# Architecture Decision Records (ADR)
This document captures key architectural decisions made during the development of oxify-authz, including context, rationale, and consequences.
---
## ADR-001: Adopt Zanzibar-Style ReBAC Model
**Date:** 2026-01-19
**Status:** ✅ Accepted
**Deciders:** Core Team
### Context
Traditional Role-Based Access Control (RBAC) struggles with:
- Complex organizational hierarchies (e.g., nested teams, inherited permissions)
- Fine-grained resource-level permissions (e.g., sharing specific documents)
- Dynamic permission relationships (e.g., "editors of documents in folder X")
### Decision
Implement Google Zanzibar-style Relationship-Based Access Control (ReBAC):
- Store permissions as relation tuples: `(namespace, object_id, relation, subject)`
- Support transitive relationships via graph traversal
- Enable hierarchical permissions through parent resource references
### Rationale
1. **Flexibility**: ReBAC handles complex scenarios RBAC cannot
- Example: "user:alice is a viewer of doc:123 because she's a member of team:eng which has viewer access"

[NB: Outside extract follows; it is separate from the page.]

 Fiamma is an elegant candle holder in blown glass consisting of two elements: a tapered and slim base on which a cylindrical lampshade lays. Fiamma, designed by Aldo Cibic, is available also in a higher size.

2. **Proven at Scale**: Google Zanzibar serves billions of requests/sec
- Paper: https://research.google/pubs/pub48190/
3. **Industry Adoption**: SpiceDB, Ory Keto, Auth0 FGA all use ReBAC
### Consequences
**Positive:**
- Handles complex organizational structures naturally
- Fine-grained permissions without explosion of roles
- Easier to audit ("who can access X?" vs "what roles allow X?")
**Negative:**
- More complex than simple RBAC (learning curve)

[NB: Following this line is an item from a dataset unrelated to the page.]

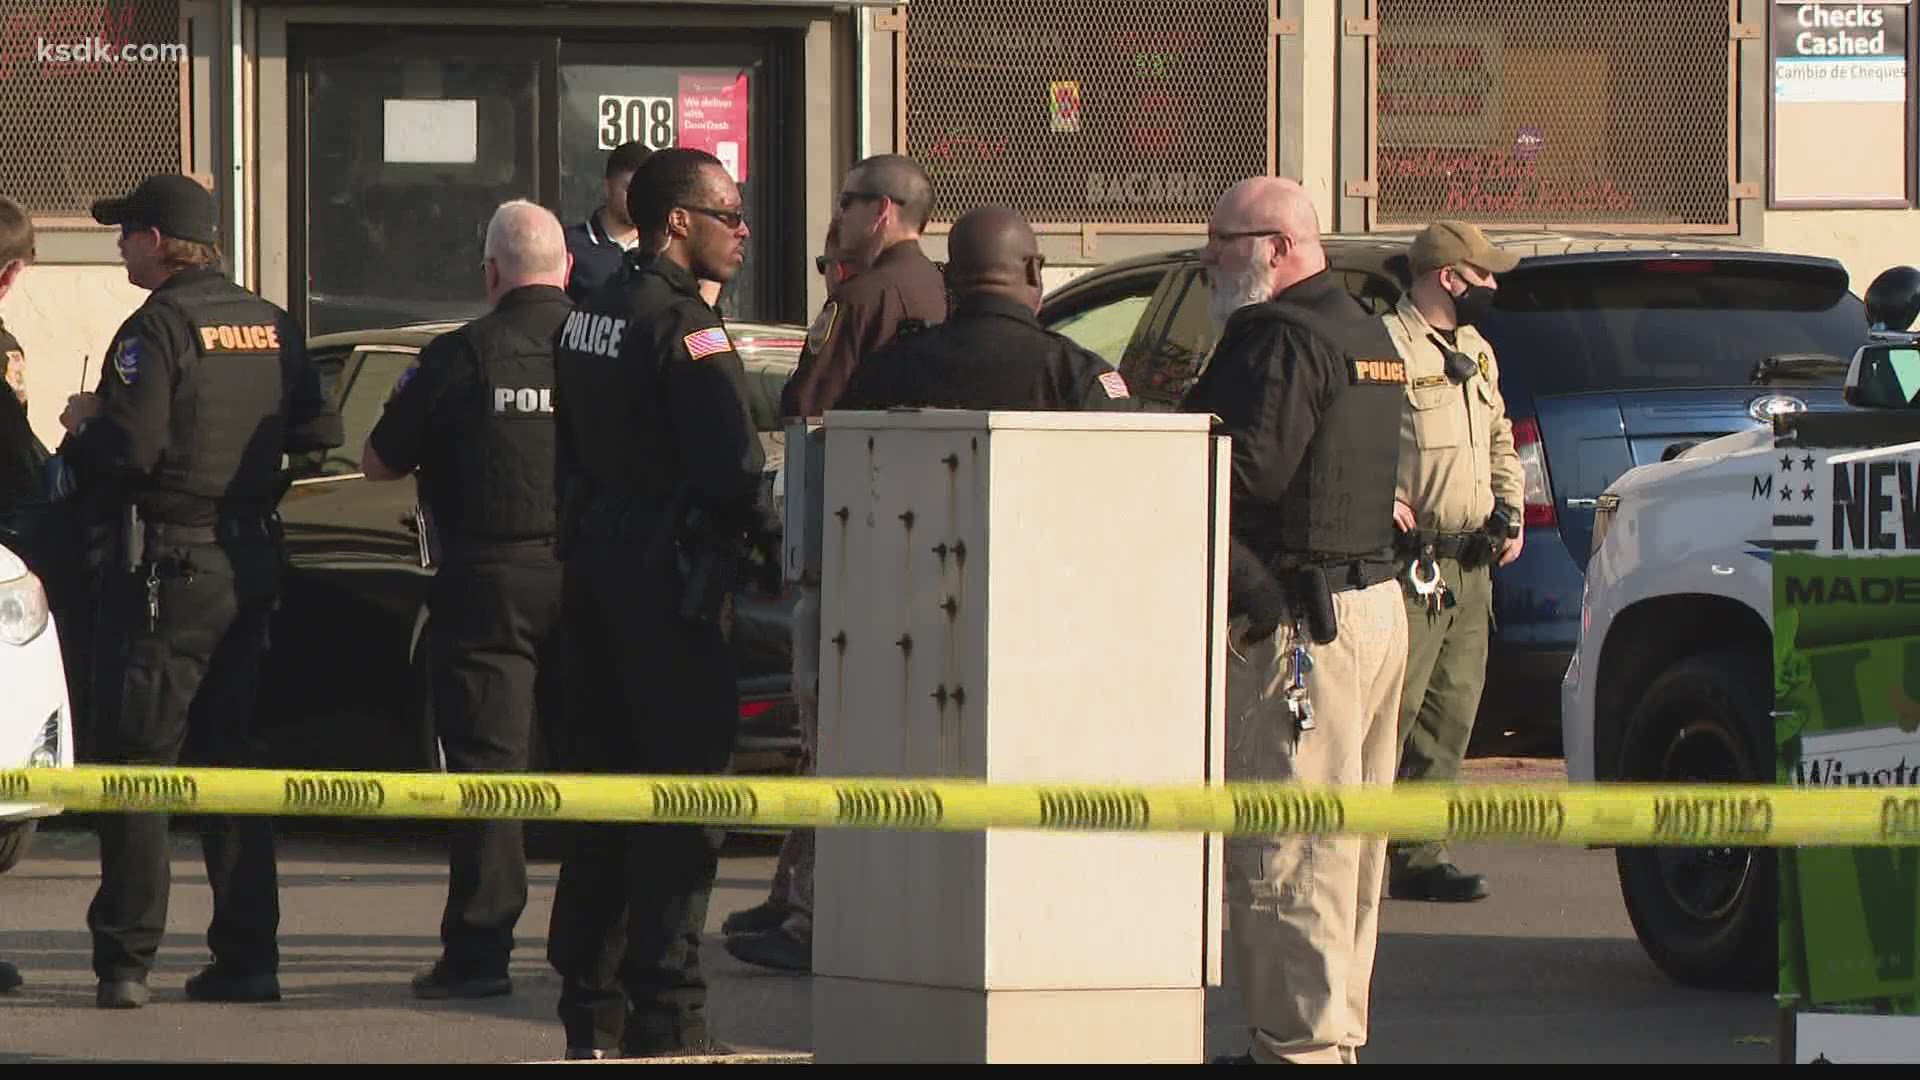 When officers arrived, they found a man dead from a gunshot wound inside a car on the parking lot of Madison Meat Market.

- Requires careful index optimization for performance
- Potential for circular dependencies (mitigated by cycle detection)
**Mitigation:**
- Provide migration guide from RBAC → ReBAC
- Implement Leopard index for O(1) transitive checks
- Add cycle detection in permission graph
---
## ADR-002: Hybrid Storage Architecture (PostgreSQL + In-Memory Cache)
**Date:** 2026-01-19
**Status:** ✅ Accepted
**Deciders:** Core Team
### Context
Authorization checks are in the critical path of every request. Latency requirements:
- p99 < 100μs for cached checks
- p99 < 5ms for uncached checks
- Must handle 100M+ tuples for enterprise customers
### Decision
Implement multi-tier hybrid storage:
- **L0: Leopard Reachability Index** - O(1) materialized transitive closures
- **L1: In-Memory LRU Cache** - Process-local, 10K-100K entries
- **L2: Redis Distributed Cache** - Shared across API servers
- **L3: PostgreSQL** - Source of truth, durability
### Rationale
1. **Performance**: 99.9% of checks hit L1/L2 cache (<100μs)
2. **Durability**: PostgreSQL ensures no permission data loss
3. **Scalability**: Redis enables horizontal scaling of API servers
4. **Cost-Effective**: Cheaper than pure in-memory database
### Consequences
**Positive:**
- <100μs p99 latency for cached checks ✅
- Can scale to billions of tuples
- No single point of failure (cache miss → PostgreSQL)
**Negative:**
- Cache invalidation complexity (write amplification)
- Eventual consistency between cache layers
- Higher operational complexity
**Mitigation:**
- Implement cache warming on startup
- Use Bloom filters to reduce unnecessary cache checks
- Provide cache monitoring and metrics
---
## ADR-003: Multi-Tenancy via Logical Partitioning
**Date:** 2026-01-19
**Status:** ✅ Accepted
**Deciders:** Core Team
### Context
SaaS authorization service must support thousands of tenants with:
- Strong isolation (no cross-tenant data leakage)
- Per-tenant quotas (prevent noisy neighbor problem)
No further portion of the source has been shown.